Philip notes that before President Xi met with President Trump, the Trump Administration was quite antagonistic towards China and especially its stance on North Korea. Following their April meetings at Mar-a-Lago, Trump warmed quickly to Xi, calling the Chinese President a “good man”, and showering him with other praises. Some media outlets went as far as to label the relationship a “bromance.”
Philipp believes that the meeting allowed President Xi to explain his position more fully, and to shed light on the simmering rivalry between his camp and the Jiang faction. Xi may have been able to convince Trump that, as of right now, he doesn’t have much direct control over North Korea as he’s still trying to reign in the diplomatic missions. If this conversation did occur, it’d help explain Trump’s quick warming to the Chinese President and their apparent “bromance.”
For now, much of the above remains speculation. However, the rivalry between the Jiang faction and President Xi offers a compelling theory to explain China’s seeming reluctance to reign North Korea in.

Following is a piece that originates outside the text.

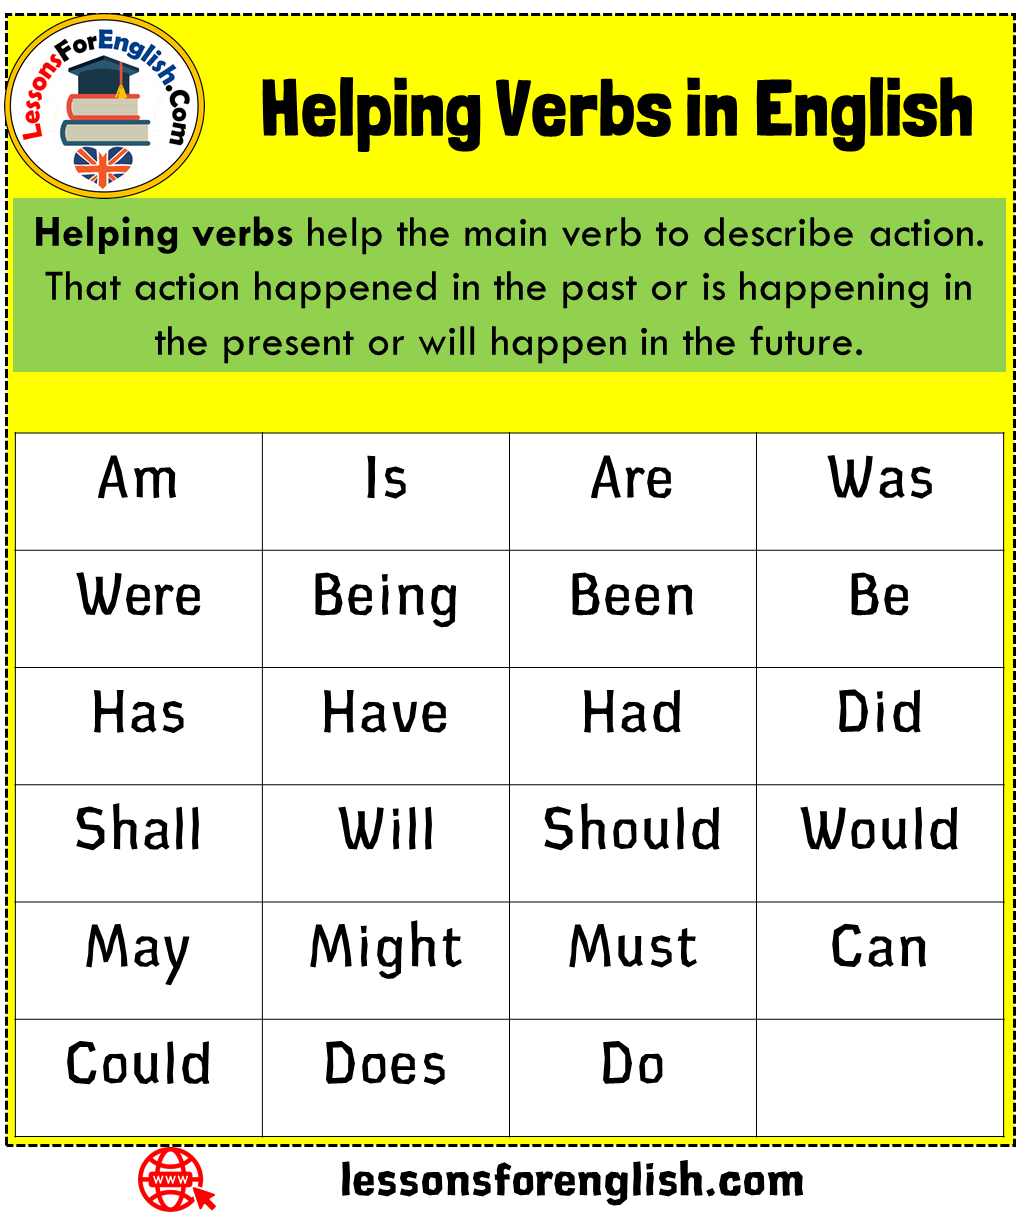 helping-verbs-in-english-lessons-for-english

Xi might simply lack the internal influence to actually do so, while Jiang may be holding onto North Korea as a sort of last resort and reliable tool to foment distractions. President Trump has been back on the offensive, bombarding China with more accusations of being “useless” as North Korea has continued to advance its nuclear and missile technologies. The Chinese government did green-light increased United Nations sanctions last week, perhaps hinting that Xi is expanding his influence in the diplomatic circles, and is willing to reign North Korea in.